To improve performance, we check if fitness of the new chromosome is better than old chromosome and if isn't, we won't replace the old chromosome with the new one. Mutation probability is better be chosen between $\frac{1}{population size}$ and $\frac{1}{chromosome size}$. Since here population size is 100 and chromosome size is 14, we choose 0.09 for mutation probability. 

For crossover, we split two parent chromosomes into half and make two new child by choosing from two different halves of parents. To generate new generation, we do as follow:

1. First we'll sort current generation chromosomes by their fitness and transfer top 30% of chromosomes directly to new generation.
2. For the remaining 70% of the population, we use remaining 70% of the last generation and shuffle them. Then crossover pairs of chromosomes from this set with a probability known as crossover probability. 
3. Mutation is done on each of new chromosomes, in order to make them better.

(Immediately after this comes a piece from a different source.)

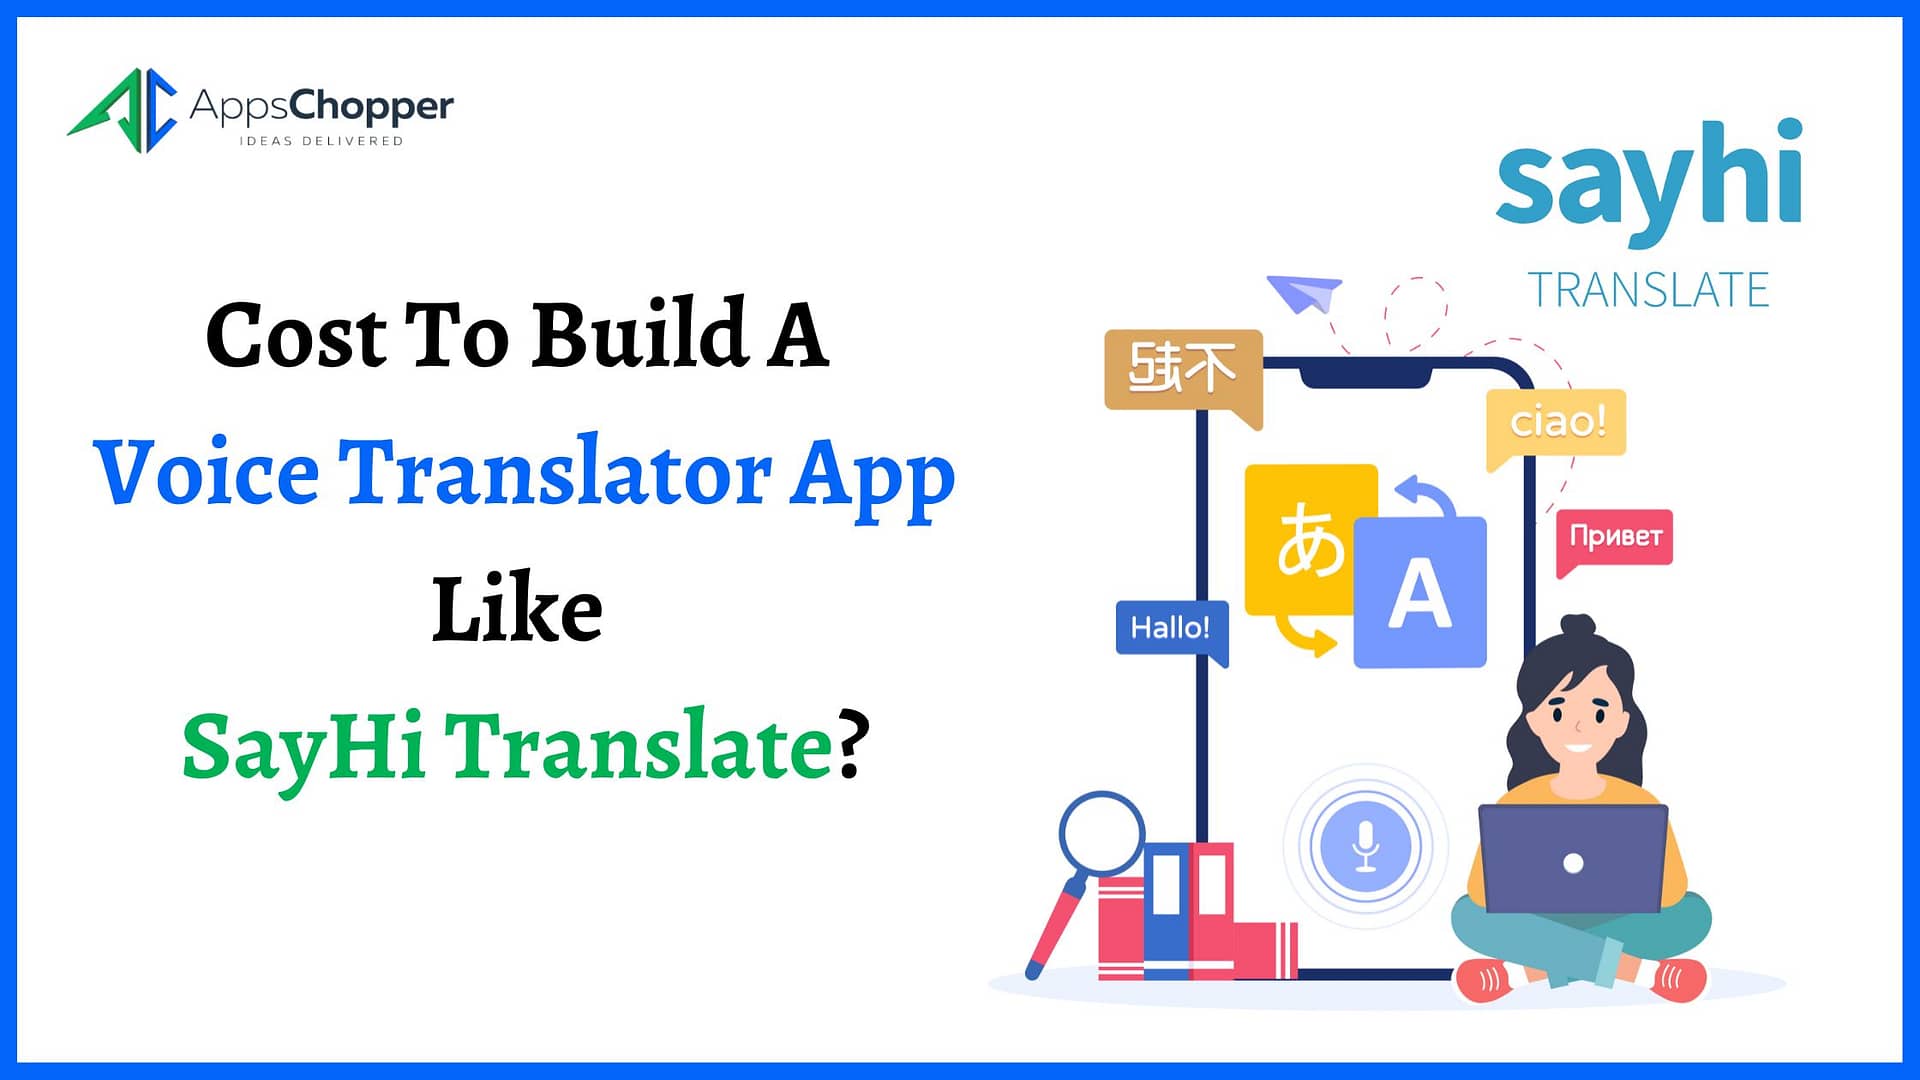 Cost To Build A Voice Translator App Like SayHi Translate?

## Phase 5: Finalize algorithm
Now we'll put all these parts together! We keep generating new populations until we find the key, or we pass the limited number of generations allowed(which doesn't happen in regular conditions). Finally, using this key we decode the whole text properly.

Let's go!

In [52]:
# import some libraries
import numpy as np
import pandas as pd
from re import split

import string
import random
from math import floor

In [53]:
CONSTANT = 14

In [54]:
class Decoder:
    
    def __init__(self, global_text, encoded_text, key_length = CONSTANT):
        self.words_dict = self.make_dict(global_text)
        self.raw_text = encoded_text
        self.key_length = key_length
        self.encoded_words = self.make_words(encoded_text)
        
        self.key = None
        self.mutation_prob = 0.07
        self.crossover_prob = 0.9
        self.pop_size = 100
        self.total_generations = 10000
        self.chromosomes = self.generate_initial_population()
        self.elites_perc = 30
        
        self.cur_index = 0
        
    def make_dict(self, global_text):
        dictionary = {}
        for word in split('[^a-zA-Z]+', global_text):
            if not word:
                continue
            word = word.lower()
            if word[0] not in dictionary:
                dictionary[word[0]] = set()
            dictionary[word[0]].add(word)
        return dictionary
    
    def make_words(self, encoded_text):
        return [word.lower() for word in split('[^a-zA-Z]+', encoded_text) if word]
    
    
    def convert(self, encoded, chromosome):
        alphabet = (ord(encoded) - ord(chromosome[self.cur_index])) % 26 + 97
        converted = chr(alphabet)
        self.cur_index = (self.cur_index + 1) % self.key_length
        return converted
    
    def calc_fitness(self, chromosome):
        fitness = 0
        self.cur_index = 0
        for word in self.encoded_words:
            decoded = ''.join(self.convert(encoded, chromosome) for encoded in word)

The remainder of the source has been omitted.